Беловолосый поднял с земли шапку и решительно нахлобучил ее на самые брови.

— А вот как думаю! Кто бы он ни был, а для нас пусть будет царь!

Он глубоко вздохнул и добавил с силой:

— Видимое дело, за ним надо итти. Так я и ребятам скажу! Прежде соберись, а потом дерись!

В той стороне, где сидел под дубом Петька, зашелестели вдруг сухие листья. Беловолосый посмотрел туда, и голос его, вдруг сорвавшись, зазвенел:

— Коли выехали на большую дорогу, так уж катай вовсю! На тройке! По ветру раздувай гнездо гадюк, заводчиков, чиновников, помещиков, дворян! Наотмашь бей, без промашки! Царицу Катьку за косы по улицам потащим! Молоньей ударим в Питербурх! А для царя потрудимся, отобьем для него завод. У нас уже все сговорено. В понедельник, после обеда, все, как один, бунтовать начнем. Старых крыс гарнизонных перевяжем, управителя — на осину, пушки — царю! Ладно ли будет, дядя?

Хлопуша обрадованно взмахнул руками. Тень его запрыгала по поляне:

— Ой, провора, вот это ладно! Как тебя кличут-то?

— Крестили Павлом, а кличут Жженым.

— Эх, Павлуха, погоди! То ли еще будет. Питером тряхнем, из бархата зипуны шить будем! Всю Расею на слом возьмем! За землю и вечные вольности!

— Пускай так и будет! За землю и вечные вольности! — торжественно, как присягу, повторил Жженый. — Давай в том по рукам ударим. По обычаю.

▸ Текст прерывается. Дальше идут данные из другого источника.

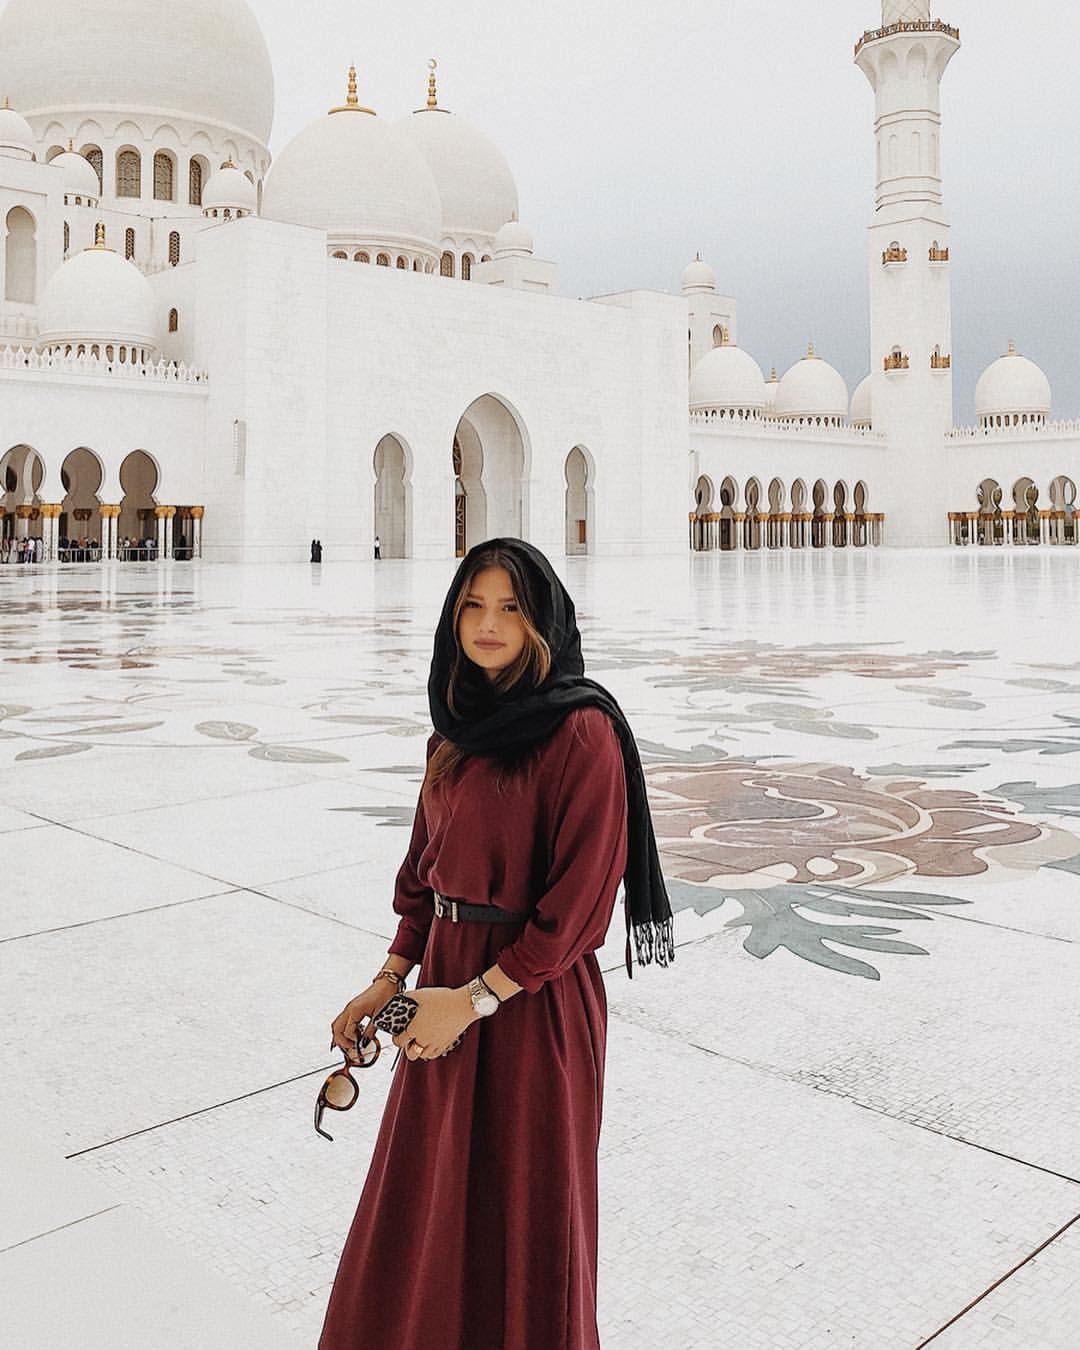 Zoe Coopman Op Instagram Sheikh Zayed Grand Mosque Abu Dhabi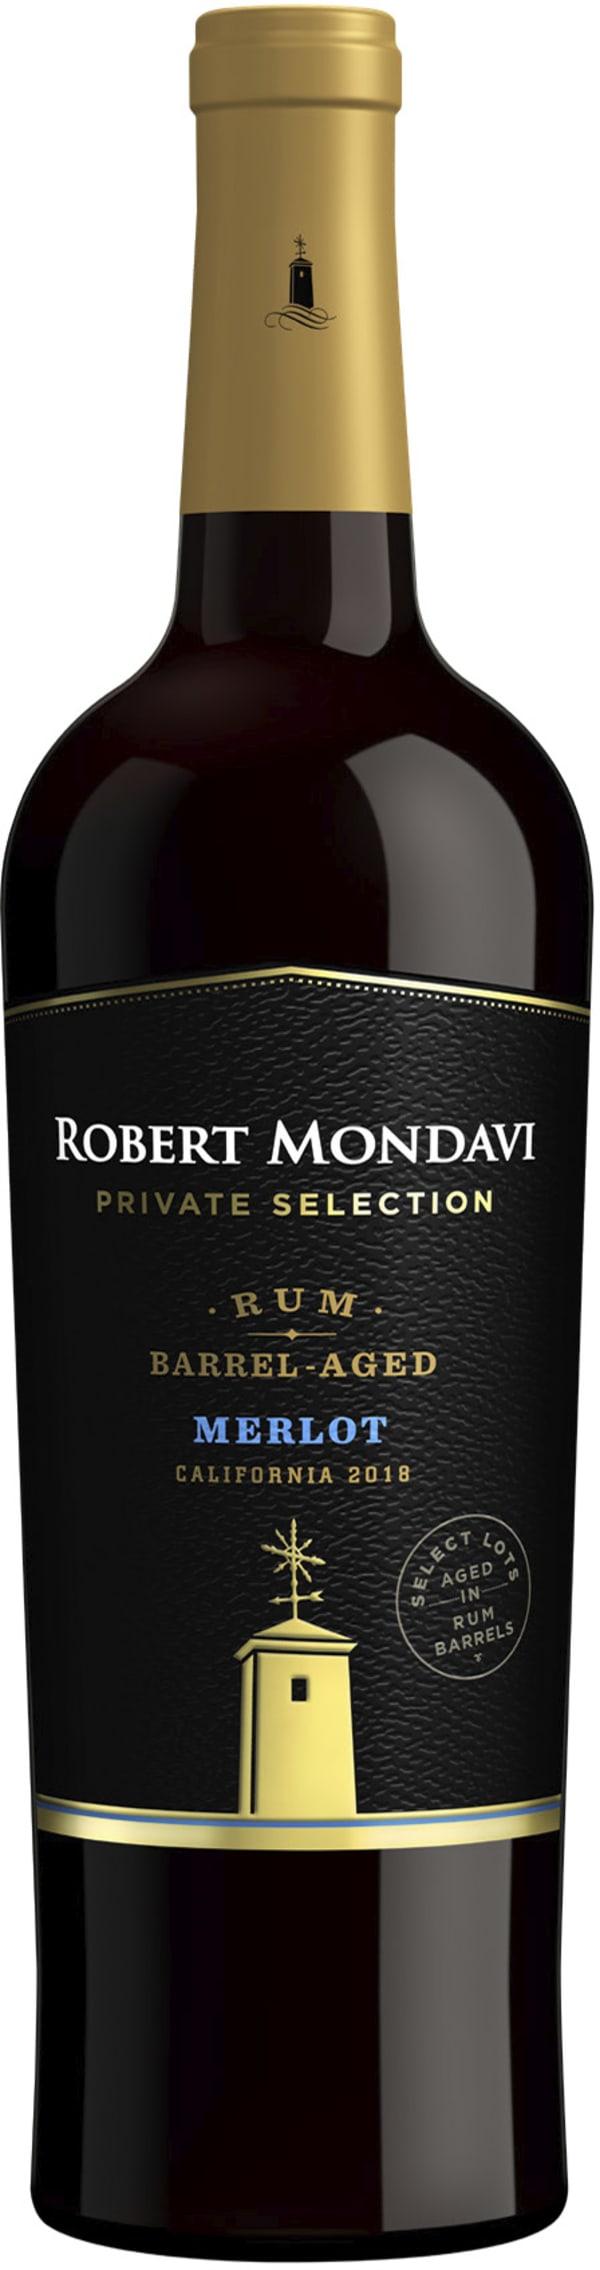 Robert Mondavi Rum Barrel-Aged Merlot 2018

Жженый протянул ему руку ладонью вверх. Хлопуша снял шапку, перекрестился и, размахнувшись, сильно ударил Павла по ладони:

— Тому и быть, провора. Неспроста и неспуста слово молвится и до веку не сломится! Назад пятиться не будем. Лучше плаха сосновая, чем в обрат идти.

— Не пойдем! — крепко ответил Павел. — Ты нам только вожака дай, а наш народ работный в бунтах наторелый. Не впервой!

— Знаем вас, заводчину уральскую, — с уважением сказал Хлопуша, — народ вы дружный и, где нужно, порядок блюдете. Когда первый отряд работных людишек к царю на подмогу пришел, у нас в лагере тревогу пробили. Думали, царицыно войско. Шибко хорошо шли, стройно, как воинская команда. А вожака зачем нам искать? Ты, я вижу, ловкач, тебе и атаманить.

— Ладно, потружусь для народа, — просто ответил Павел, — в понедельник в гости на завод жалуй. А сейчас прощевай. Пошли мы. Давай, Сеня, шагай.

— Куда же вы? — Толоконников насторожился. На завод не пойдешь, чай? Агапыч передал вашу жалобу управителю. Стариков в колодки забили и тебя ищут.

— Не бойся, — ответил Жженый, — к жигарям[6] на курени пойдем, там пока что жить будем…

Жженый и Хват зашагали вниз с горы, но Хлопуша окликнул их.

— Пашка, погоди! Забыл тебе сказать…

Он подошел к Жженому, отвел его в сторону и, понизив голос, спросил:

— Скажи, Павлуха, кто такой будет Петька Толоконников? Он из каких?

— А прах его знает из каких! — недовольно и раздраженно отмахнулся Жженый. — Без лопаты колодец выроет. Усердный! Одначе, смотря для кого его усердие. Работает он на плотине плотником, а все более около управителя крутится. Управитель Карл Карлыч через него у горщиков камешки самоцветные покупает. Дает управитель горщикам за самоцветы гроши, а из тех грошей, гляди, полушки к Петькиным ладоням и прилипнут. Паучок Петька. Маклачит! И век свой маклачить будет!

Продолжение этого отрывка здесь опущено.